Na repetição-atualização da imagem, verificamos o surgimento de um acontecimento novo que “abala” essa memória e que se sobrepõe à regulação primeira. Na figura 12, o grito e a expressão feminina de força e coragem são signos de uma transformação histórica relacionada a objetivos gerais - a derrubada do ditador Muamar Kadafi da Líbia, por exemplo. Em contrapartida, na figura 11, um signo semelhante [imagem de jovem mulher manifestando] é utilizado para retomar a ideia de primavera política e, ao mesmo tempo, deslocar tais sentidos para um contexto de lutas por objetivos específicos e subjetivos - a autonomia das mulheres sobre o corpo e a sexualidade.

Dessa maneira, é o papel da memória de estruturar a materialidade discursiva que faz os implícitos na capa de 2015 “falarem” e significarem.
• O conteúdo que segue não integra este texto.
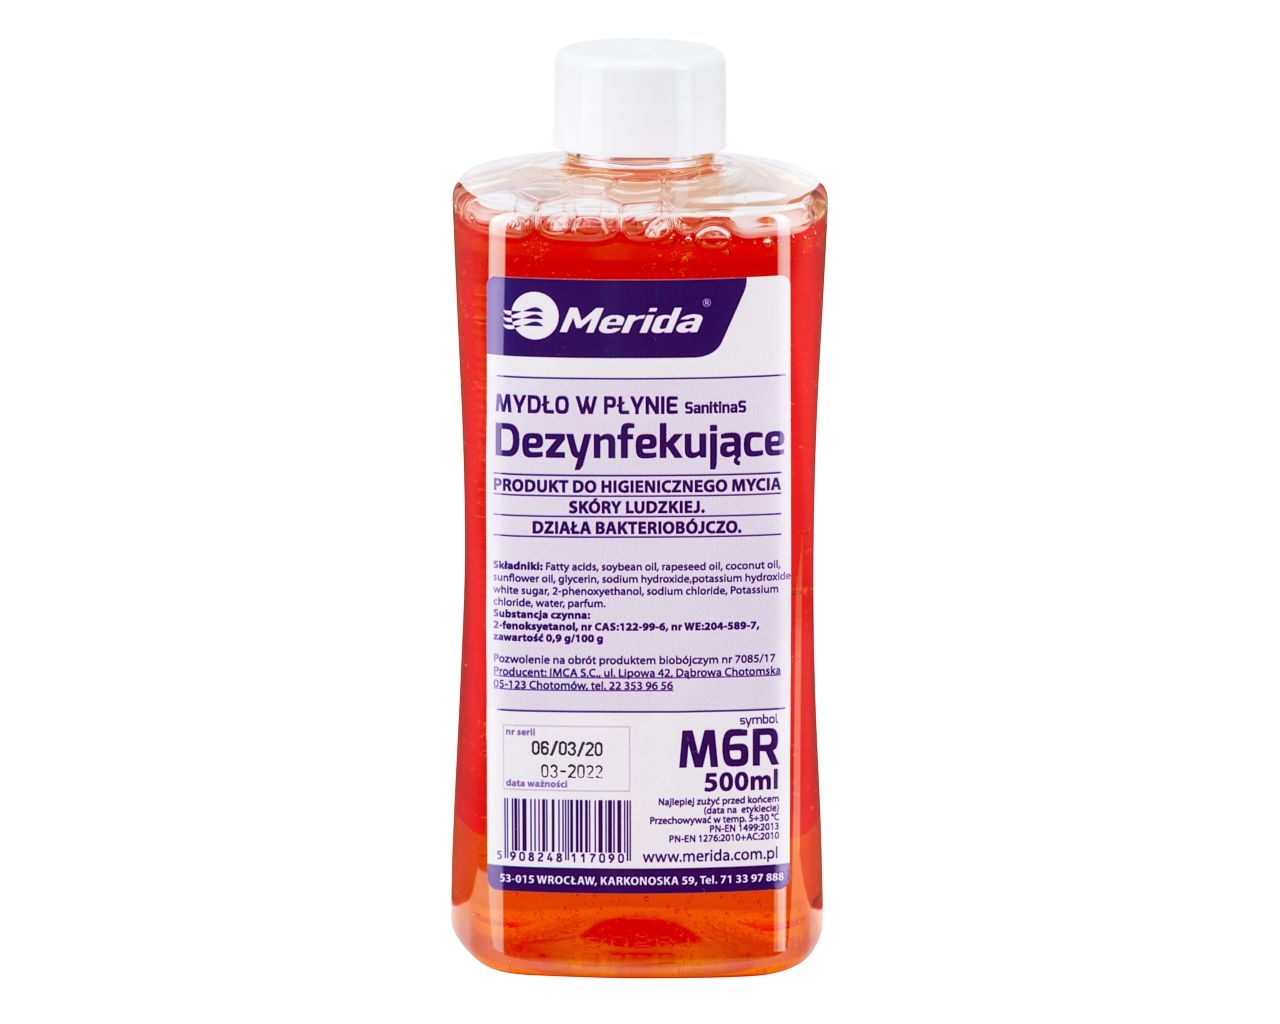 Mydło w płynie dezynfekujące MERIDA, butelka 500 ml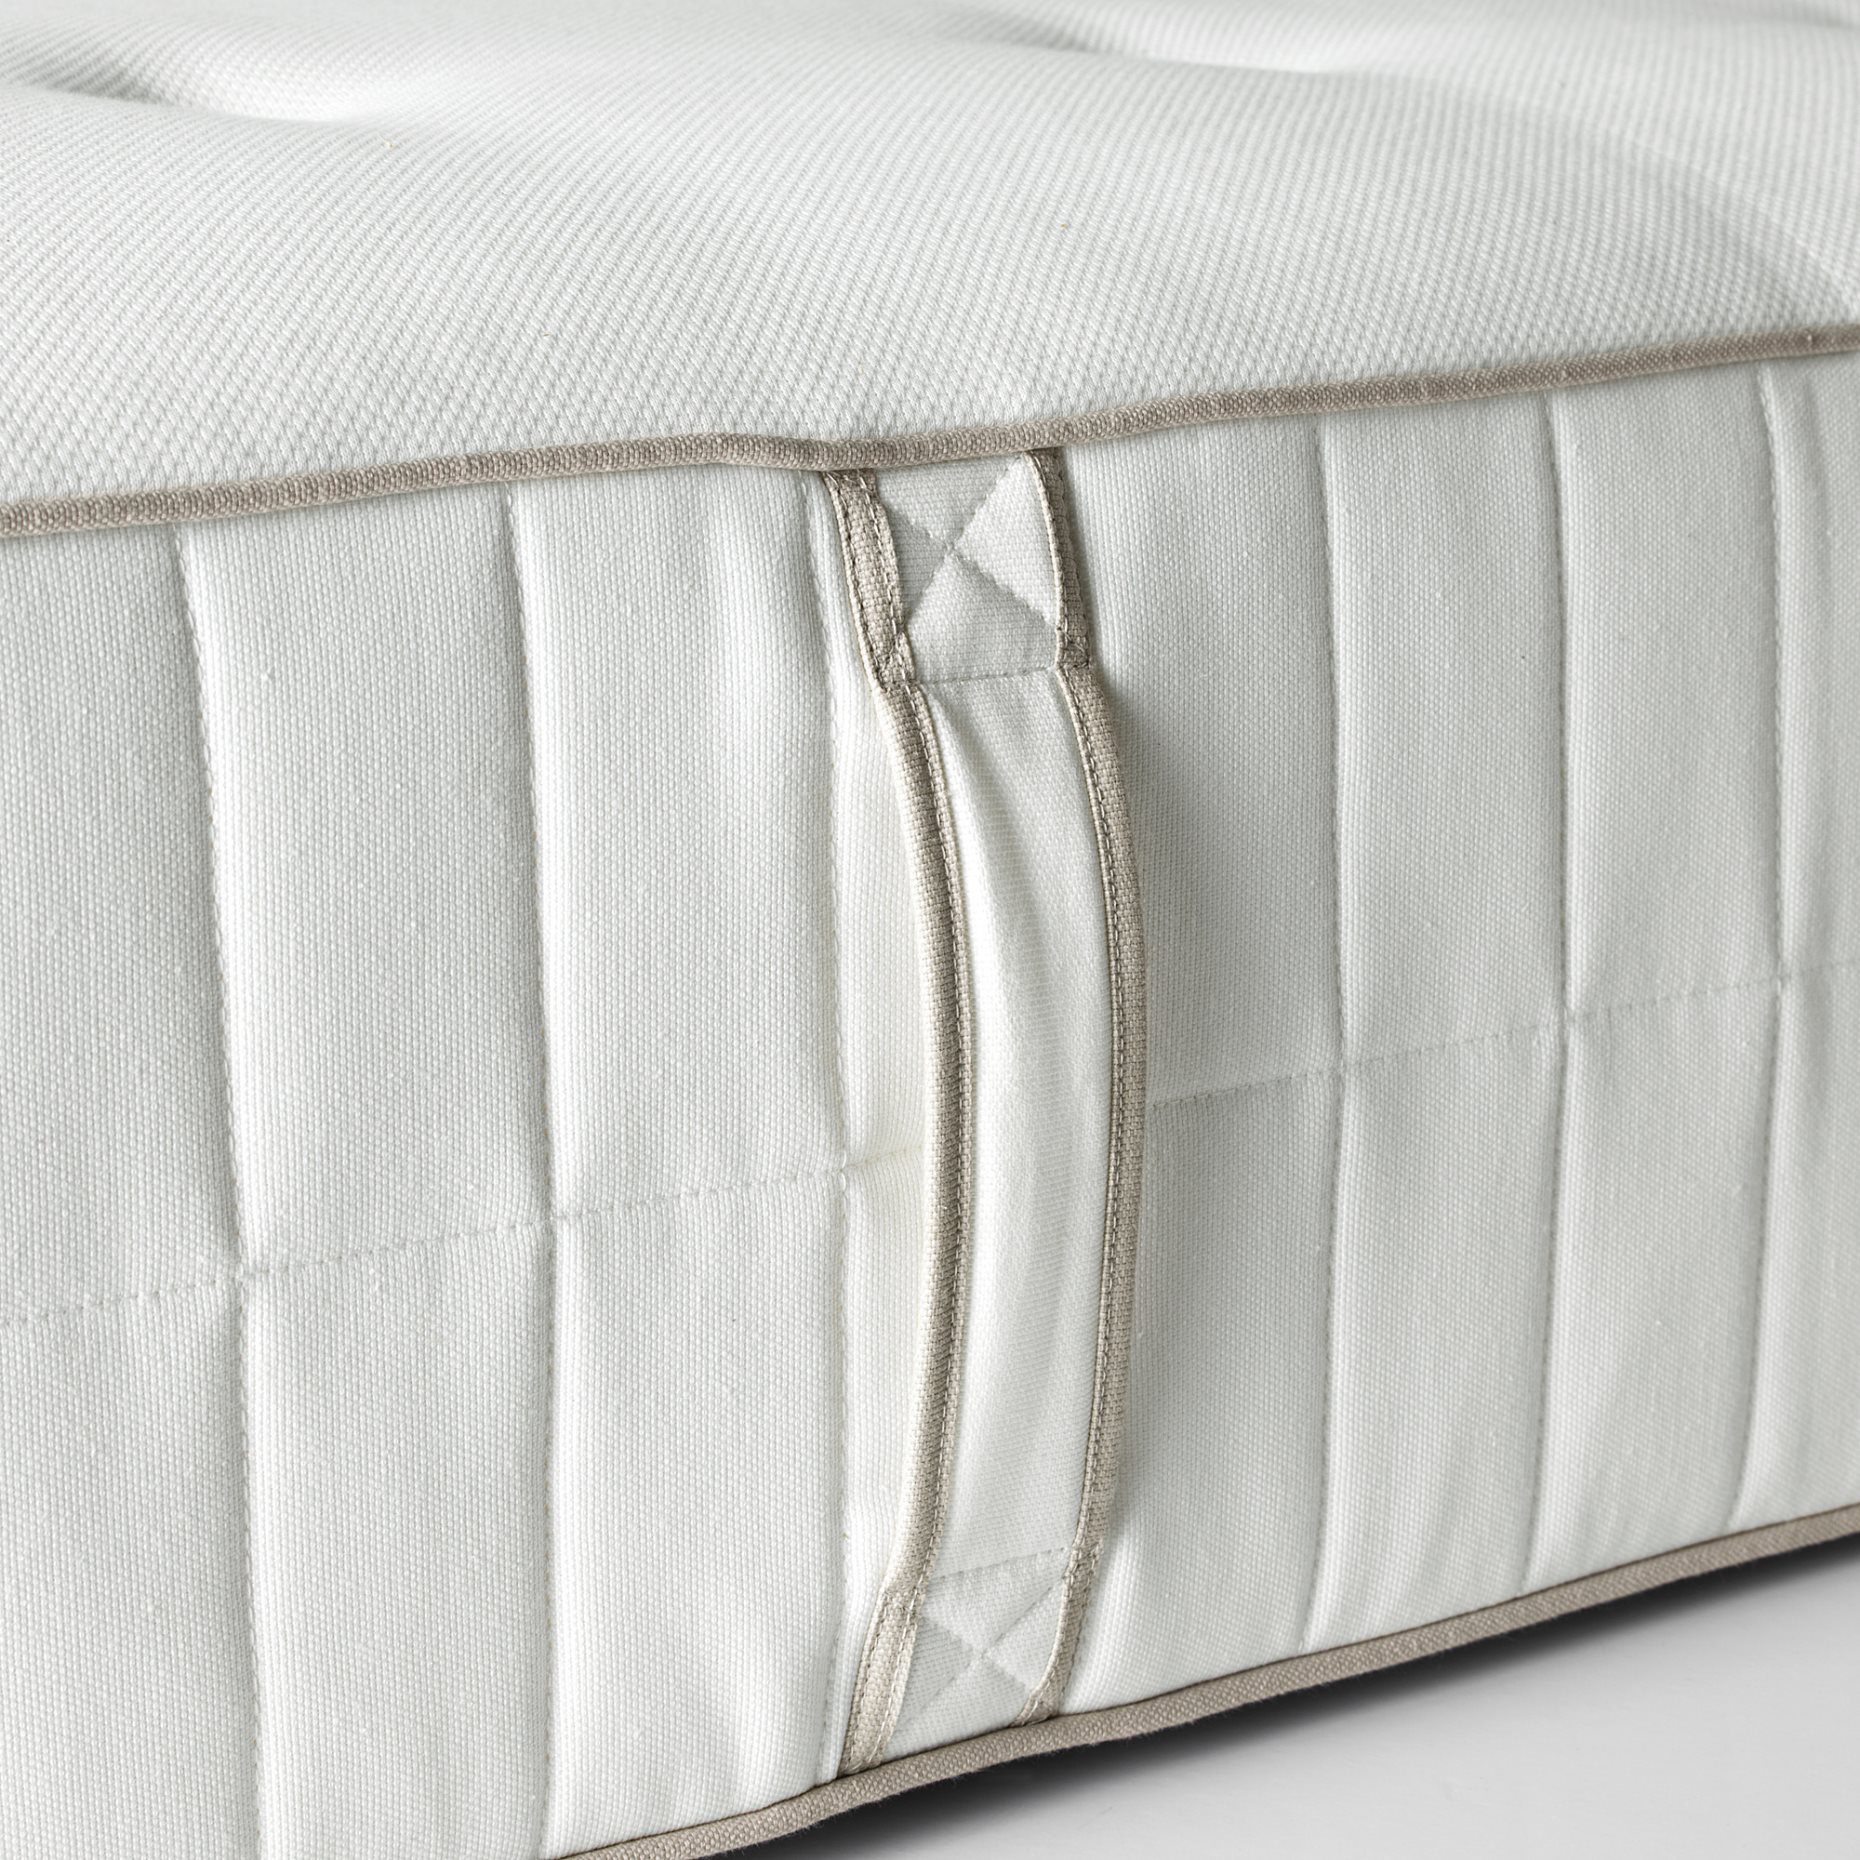 HOKKASEN, pocket sprung mattress extra firm, 160x200 cm, 904.849.65

O retorno e o deslocamento são os movimentos de memória que determinam a notícia do acontecimento na Líbia [a “Epidemia da Liberdade”, a onda de derrubada de ditadores] como condição para podermos interpretar o acontecimento no Brasil [a amplitude de um “despertar feminista”]. A repetição/atualização tem como efeito possível uma espécie de ruptura no interior dessa memória discursiva.

E é justamente nessa ruptura que a Primavera das Mulheres irrompe como acontecimento nos discursos das mídias. Afinal, os sentidos de primavera política, no período histórico em questão, modificam-se e passam a ser associados à ampla visibilidade do feminismo e à urgência histórica de dever mostrar e dizer o feminismo.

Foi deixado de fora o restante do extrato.